With this at hand we can now prepare our data for the network plot:

adj <- cornet(na.omit(animals[,3:25]))
## Lade nötiges Paket: psych
## Warning in abbreviate(colnames(r), minlength = 5): abbreviate mit
## nicht-ASCII Zeichen genutzt

Second thing we need for a nice plot is the function ggnet2 from the library GGally.
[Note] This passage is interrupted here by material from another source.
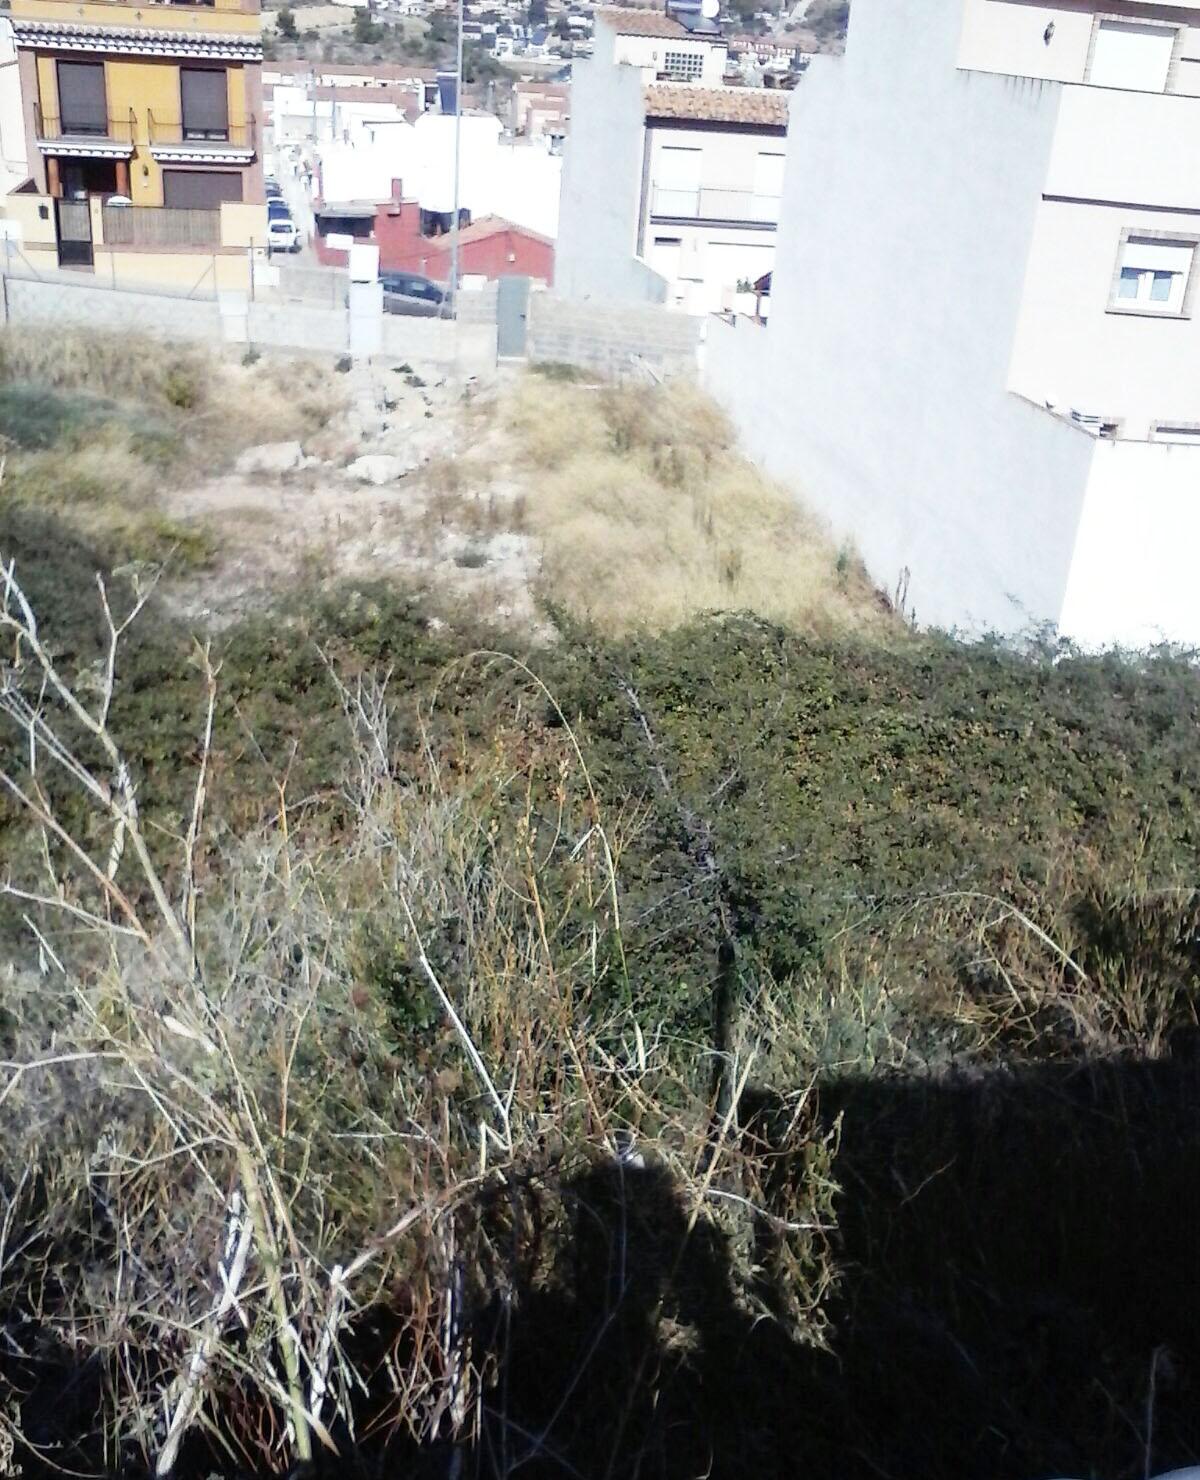 TERRENO EN VENTA EN LA VALL D'UIXÓ

This library has some dependencies, especially regarding ggplot and sna, so you might have to install them first!

library(GGally)

But then:

ggnet2(adj, mode = "fruchtermanreingold", size = 24, label = rownames(adj), label.size = 3, alpha=0.8)
## Lade nötiges Paket: network
## network: Classes for Relational Data
## Version 1.13.0 created on 2015-08-31.
## copyright (c) 2005, Carter T. Butts, University of California-Irvine
##                     Mark S. Handcock, University of California -- Los Angeles
##                     David R. Hunter, Penn State University
##                     Martina Morris, University of Washington
##                     Skye Bender-deMoll, University of Washington
##  For citation information, type citation("network").
##  Type help("network-package") to get started.
## Lade nötiges Paket: sna
## sna: Tools for Social Network Analysis
## Version 2.3-2 created on 2014-01-13.
## copyright (c) 2005, Carter T. Butts, University of California-Irvine
##  For citation information, type citation("sna").
##  Type help(package="sna") to get started.
## 
## Attache Paket: 'sna'
## Das folgende Objekt ist maskiert 'package:network':
## 
##     %c%
## Lade nötiges Paket: scales
## 
## Attache Paket: 'scales'
## Die folgenden Objekte sind maskiert von 'package:psych':
## 
##     alpha, rescale

plot of chunk unnamed-chunk-5

Voila! domestic species form one subnet (pig, cattle, sheep/goat), while most wild species form another subnet. There seem to be two separate spheres of interaction with the animals, indicating that there are two types of sites resp. activities: one is hunting, the other husbandry.